In this analysis, we applied four different regression algorithms to predict the target variable using our dataset. The models used were Linear Regression, Decision Tree Regression, Random Forest Regression, and Gradient Boosting Regression.

### **Linear Regression:**

Linear Regression provided a good fit to the data with an R-squared (R2) value of approximately **0.989**.
The best hyperparameter for Linear Regression was to fit the intercept.
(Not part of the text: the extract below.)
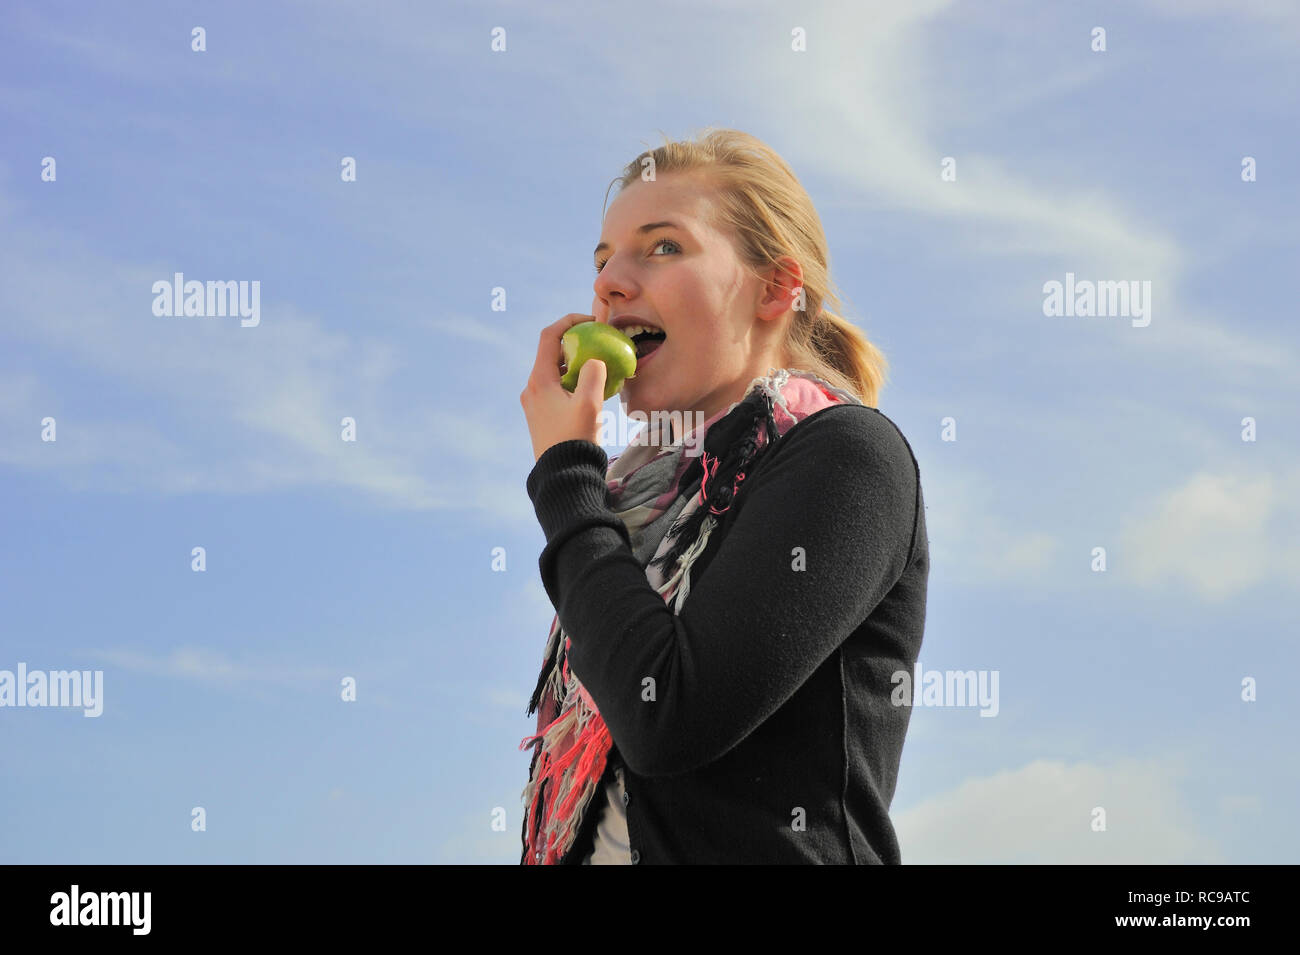 Junge Frau beisst in einen grünen Apfel - in den sauren Apfel beissen | jeune femme mange une pomme verte - d'avaler une pilule amère ou de saisir l'natt Banque D'Images

### **Decision Tree Regression:**

Decision Tree Regression exhibited excellent performance with an R-squared (R2) value of approximately **0.990**.
The best hyperparameters included a **maximum depth of 10, minimum samples per leaf of 4, and minimum samples to split of 2**.
Random Forest Regression:

Random Forest Regression outperformed other models with an R-squared (R2) value of approximately **0.991**.
The best hyperparameters included **100 estimators, a maximum depth of 10, minimum samples per leaf of 4, and minimum samples to split of 2**.


**Gradient Boosting Regression:**

Gradient Boosting Regression achieved a high R-squared (R2) value of approximately **0.989.**
The best hyperparameters included a learning rate of **0.1, maximum depth of 4, and 100 estimators.**


Overall, the Random Forest Regression model with a maximum depth of 10, minimum samples per leaf of 4, and minimum samples to split of 2 provided the best performance in terms of R-squared (R2) and mean squared error.